Monday, February 1, 2016

RBI Monetary policy review: Nothing to cheer with more to worry!

Shift from 2015 comfort zone to 2016 uncertain mode 

RBI is not in an enviable position when the Global markets dynamics are explosive, divergent and complex. RBI took comfort in 2015 from CPI trend down to sub 5%, Brent Crude below $35 and abundant FPI appetite extending Rupee stability. RBI had the luxury of buying dollars to retain sufficient system liquidity to keep short term rates low. RBI took care of long term investors keeping the long term bond yields steady despite delivery of 1.25% rate cut in 2015. The unexpected 50 bps rate cut on 29th September 2015 was seen as the trigger point for establishment of sustainable bull trend into 2016 and beyond. While there is debate on the need of ultra-dovish stance in September ahead of FED preparedness for shift to rate hike cycle between October-December 2015, things turned against RBI supportive stance post wash out of monsoon and winter sessions of Parliament, thus delaying the big-bang policy initiatives of the Government. In all, through most of 2015 there was better comfort on India macroeconomic fundamentals diluting growth-inflation conflicts which was serious deterrent to RBI growth supportive policy stance. But for the push from the Government, Dr.Rajan would not have turned ultra-liberal on policy rates in 2015 retaining operating Repo rate at 7-7.25%.

Come 2016, hell broke loose on global markets - lots have been said on these bolt from the blue and supportive manna from the heaven. Bottom-line for India is not positive, least to say. The external supportive tailwinds from lower Brent Crude, abundant FII flows and FDI euphoria on India opportunities are slowly being pushed behind. It's more than 20 months since set up of NaMo euphoria in May 2014, but nothing tangible is seen on the ground. The worry is from extended "work-in-progress" mode. The outlook on India macroeconomic fundamentals has deteriorated since mid 2015. The growth momentum is in struggle at lower end of 7-7.5% par zone; fiscal deficit is under pressure at higher end of 3.5-4% comfort zone and CPI inflation is up at 4-6% tolerance zone. It gets worse when Rupee gets slaughtered from 58-63 to 67-70 in quick time. Given these dynamics in play, it is not sensible (and prudent) to expect RBI to keep pumping monetary steroids into the system through surplus system liquidity and low interest rate regime.


What to look for as take-away from RBI review? No goodies though!

RBI has too many things to worry about beyond the usual stuff around inflation, Rupee fair valuation and ensuring adequate flow of liquidity at affordable cost to desired sectors which contribute most to the growth and social well-being. RBI's top priority is now seen to be around productivity and efficiency of financial intermediaries. The concerns emerge from poor health of systemically important Banks who find it tough to absorb the impact from NPA woes and revenue squeeze. No economy can switch into higher gears when large financial intermediaries are down (and out) without capability to fuel growth through credit expansion. The Capital is also scarce and if at all, not at this valuation for dilution of equity. 

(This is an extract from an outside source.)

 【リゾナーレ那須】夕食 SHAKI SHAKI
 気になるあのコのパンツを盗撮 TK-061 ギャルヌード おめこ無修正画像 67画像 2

RBI ring-fence of inflation and Rupee against headwind forces from fiscal and current account deficit is broken. The need is to prevent hard-landing of inflation and free fall of Rupee. RBI feels the impact will be from growth pressures (in the absence of big-bang policy reforms and low appetite from private and foreign investors), higher domestic consumption leading to high demand - low supply triggering price-push inflation momentum, and high fiscal deficit adding to pressure on liquidity and short term interest rates. Against these complexities, rate cut or CRR/SLR cut is not in the radar of RBI or even as a discussion item on the way forward agenda. 

All taken, it's status-quo on headline breaking news items and the attention will be on ensuring smooth flow of liquidity rather than tinkering with the quantum (CRR/SLR) and cost (Repo/Reverse Repo rates). The agenda is to ensure smooth flow of debt for economic capacity expansion, and it can't be done alone by RBI. The usual expectation during policy review is to push RBI to walk hand-in-hand with the Government, delivering to their demand wish-list; this time RBI extend its hands to the Government to walk together to prevent hard landing of the economy. If not done, the price to pay is huge forcing RBI to follow FED after a quick rate easing cycle in 2015!

It is not panic situation as yet if prudence is placed ahead of wish! Given that the "ball" is in court of the Government, it is non-event day for RBI.